Die Schweizer Behörden registrieren in der letzten Zeit vermehrt Aktivitäten deutscher Neonazis in der Schweiz. Dazu gehören auch solche Organisationen, die in Deutschland mittlerweile verboten sind, wie etwa Blood & Honour, die Hammerskins oder Combat 18. Dies hat auch mit den unterschiedlichen rechtlichen Voraussetzungen in der Schweiz und in Deutschland zu tun, wie der Berliner Rechtsextremismusforscher Hajo Funke hervorhebt, weil in der Schweiz neonazistische Symbolik, wie etwa das Hakenkreuz oder der Hitlergruss, nicht verboten sind, es keine Pflicht des Mitführens von Ausweispapieren gibt und das Schweizer Waffengesetz den Besitz von und vor allem den Handel mit Waffen begünstigt. Zudem verläuft die behördliche Koordination zwischen Deutschland und dem Nicht-EU-Land Schweiz weniger reibungslos, als das etwa mit Österreich der Fall ist, wo sich deutsche Rechtsextreme auch gerne aufhalten. Das hat sich im Übrigen auch Stephan Ernst zunutze gemacht. Stephan Ernst hatte vor vier Jahren den Kasseler Regierungspräsidenten und CDU-Politiker Walter Lübcke ermordet. Die Waffe, die Stephan Ernst erworben hatte, gelangte zuvor von der Schweiz nach Deutschland, genauso wie vorher schon Waffen, die der «nationalsozialistische Untergrund», NSU, verwendet hatte. Der NSU ermordete zwischen 2000 und 2007 neun Personen mit Migrationshintergrund und verübte in Deutschland insgesamt 43 Mordanschläge.

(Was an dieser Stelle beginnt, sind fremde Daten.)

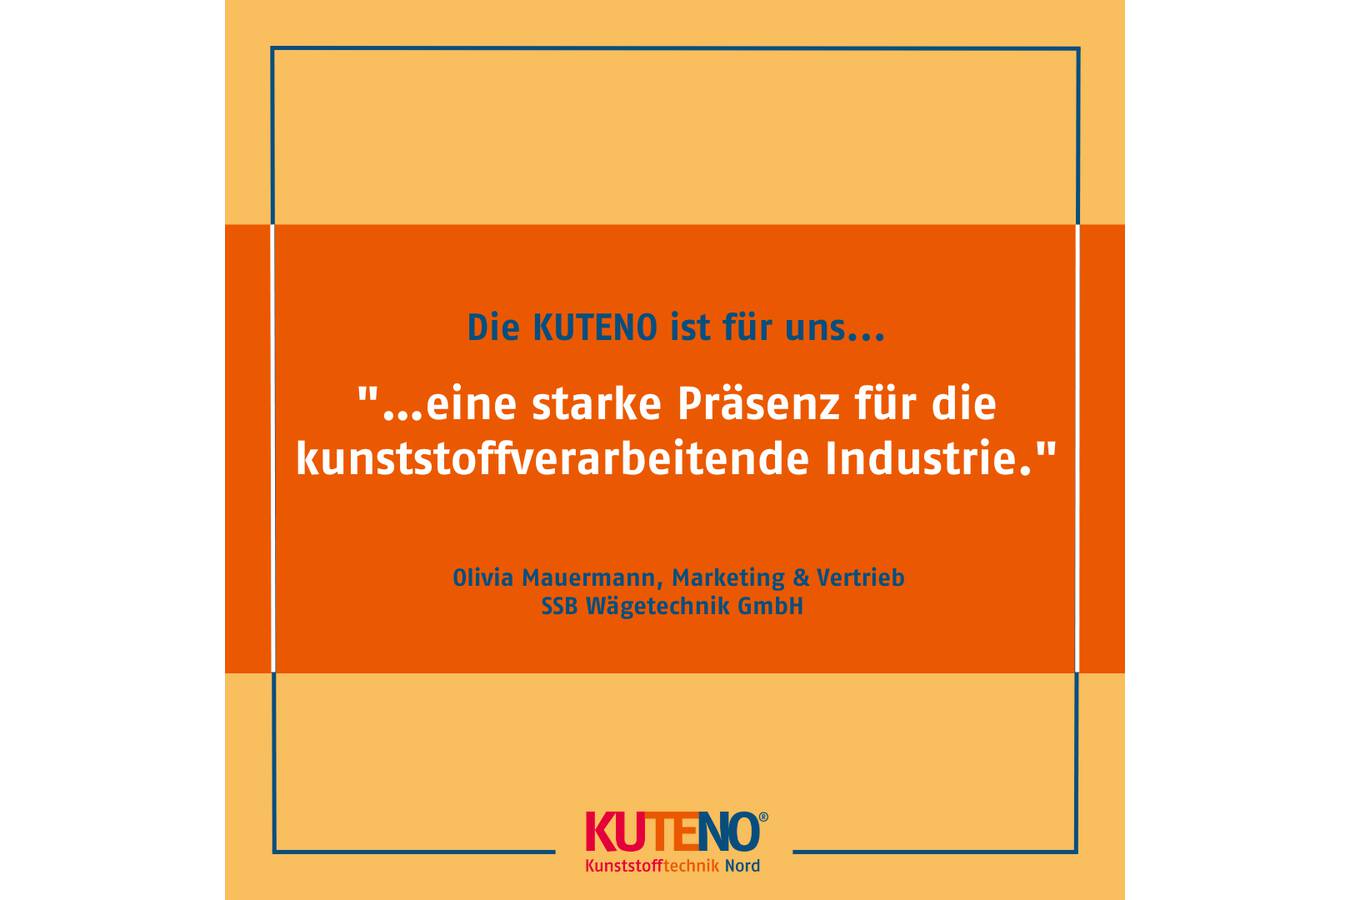 SSB Wägetechnik at Kuteno 2023 That was our first Kuteno: The trade fair for the plastics processing industry

Dass die AfD-Frontfrau Weidel sich hierzulande wohlfühlt, dürfte indes nicht nur am Wallfahrtsort Einsiedeln und seiner Schwarzen Madonna liegen, sondern auch an mutmasslichen Geldflüssen, die immer wieder die deutsche Staatsanwaltschaft und die Bundestagsverwaltung in Aktion bringen. Jüngstes Beispiel 2022 sind ungeklärte Geldzuwendungen an die AfD für Medienproduktionen, die via Bayern aus der Schweiz möglicherweise über den deutsch-schweizerischen Milliardär und Immobilienhändler Henning Conle in Zürich gelaufen sind. Schon 2017 hatte Weidel laut Recherchen verschiedener deutscher und schweizerischer Medien vom selben Milliardär einen «150’000-Franken-Wahlkampf-Zustupf», so der Zürcher Tagesanzeiger damals, bekommen.

Kurz: Rechtsradikale mögen die Schweiz, weil sie dort keine oder kaum Strafen für z.B. Hakenkreuze bekommen. Außerdem liegt es geographisch nahe, man kann in der Schweiz relativ leicht an Waffen kommen und sie bekommen Geld von Schweizer Milliardären.